With all the discussion lately over Quicktimes and NCLC tags lately I wanted to be able to change the color tags within Flame as a stopgap measure until ADSK gives us the ability to do so. I hope some of you find it helpful.
There are two scripts:
-
nclc.py
(Acts as the middleman to send things to AMCDX) -
nclc_mediahub_tag.py
(Media Hub Hook)
How To Install:
-
Modify
nclc.py
to point to the correct location of where AMCDX is located. You shouldn’t have to touch this if you’re on a Mac. On Linux, the AMCDX link is the program itself so no need to “install” it per-se, just copy it somewhere like/opt/amcdx
-
Modify
nclc_mediahub_tag.py
to point to wherenclc.py
is -
Move
nclc_mediahub_tag.py
to where ever you keep your python hooks or the default/opt/Autodesk/shared/python
How To Use:
In Media Hub right-click on any .mov and you’ll see a new menu called “QT NCLC Tagging”. There are two options.
Rec 709, 2.4 Gamma (1-2-1)
This is the way FilmLight is exporting Rec709 QTs now. The difference is telling QT to use our gamma of 2.4 as the transfer as opposed to 1.85 which is what happens in the legacy way.
Rec 709, Legacy (1-1-1)
If you want to revert back to how Flame exports QTs.
I know ADSK is working on a fix for all this very soon but in the meantime, here’s a way to do it. Let me know if something doesn’t work. I’ve only tested the media hub script on CentOS 7.4 but it ought to work on 7.6 and OS/X fine.
Why It’s Needed
Short Answer:
QuickTime on OS/X doesn’t display rec709 videos using a gamma of 2.4. This fixes that by telling it to.
Long answer:
QuickTimes have always looked slightly different on a normal laptop/computer monitor when compared to a broadcast monitor. Apple has tried to address this by using color tags within QTs and having their own version of color management called ColorSync. Basically it does what Flame does: What is this file & what is my display and I’m going to make it look right.
Historically all the apps we author content with have exported QTs with 1-1-1 tagging which is Rec709 across the broad. The problem is the gamma isn’t defined as 2.4 in this implimentation so there’s always been a shift.

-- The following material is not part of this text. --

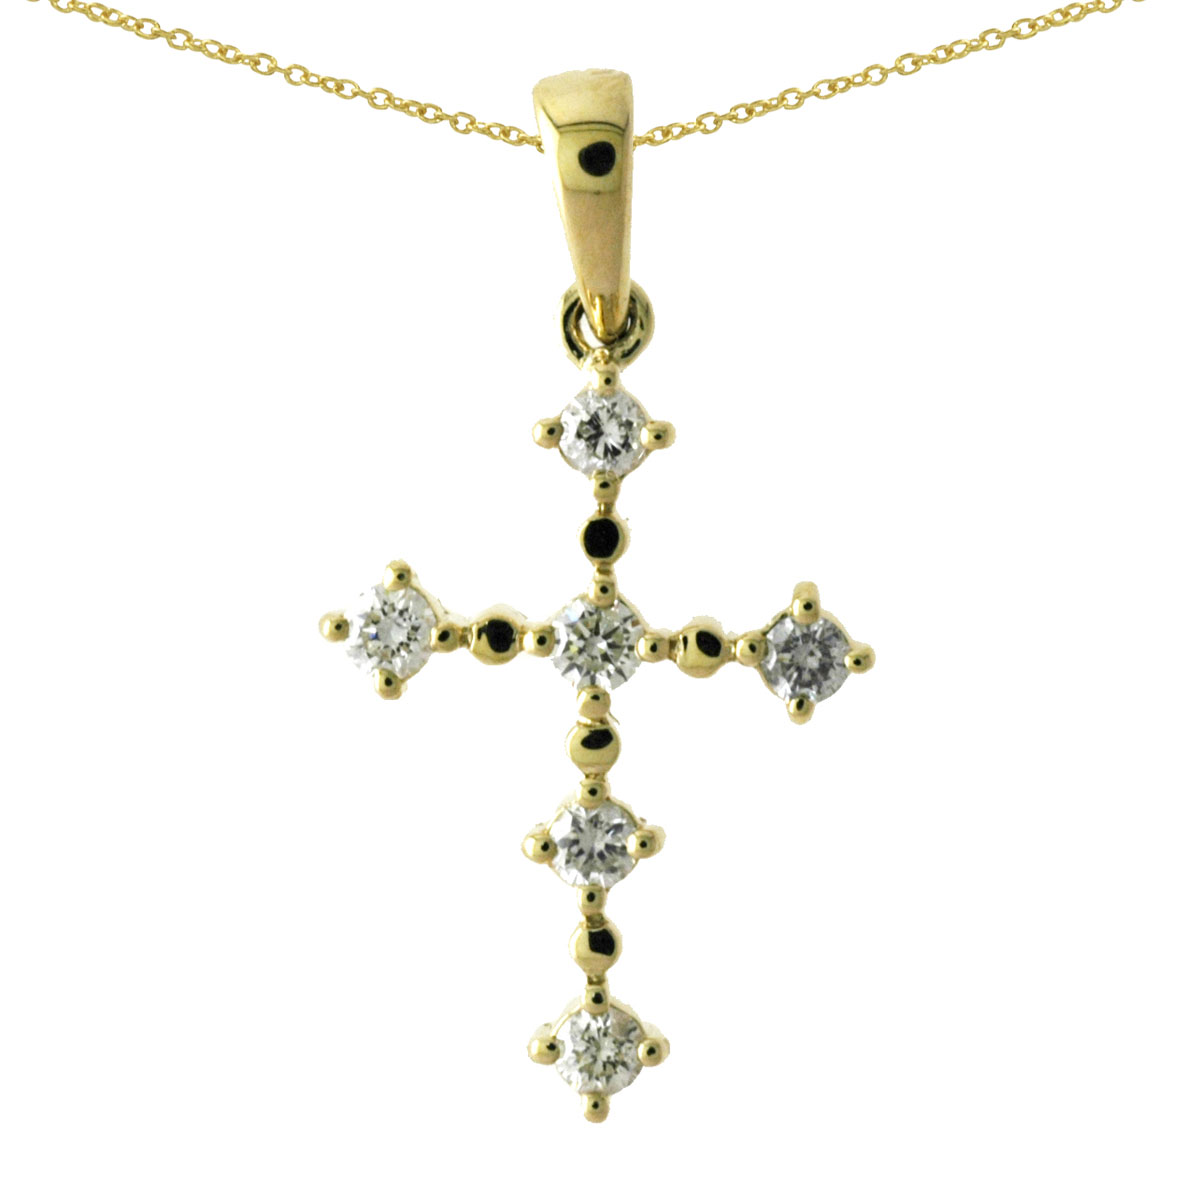 14k yellow gold cross featuring .25 total ct diamonds. A modern take on a classic design.

I’m unsure why, but FilmLight seems to be the first to implement a better way to approach this issue which is tagging the video as 1-2-1 with a gamma of 2.4. The key here is the 2nd digit, 2, which tells ColorSync “Use the specified gamma as the transfer function”. In this case, 2.4 which is correct. ColorSync then knows to map this to whatever your client’s super awesome P3 Retina display is.
This video posted by Jean-antoine Lacolle does a great job explaining everything and showing the differences.
The sad fact is once it leaves us, it’s still throwing darts at a board. Some applications recognize ColorSync, some don’t. Vimeo, YT, etc…not at the moment, but maybe they will all the sudden. Oh, and of course this is only applicable for anything Apple. It sort of makes the argument of having online deliveries where you convert the gamma from 2.4 to 2.2 but that’s a whole different story.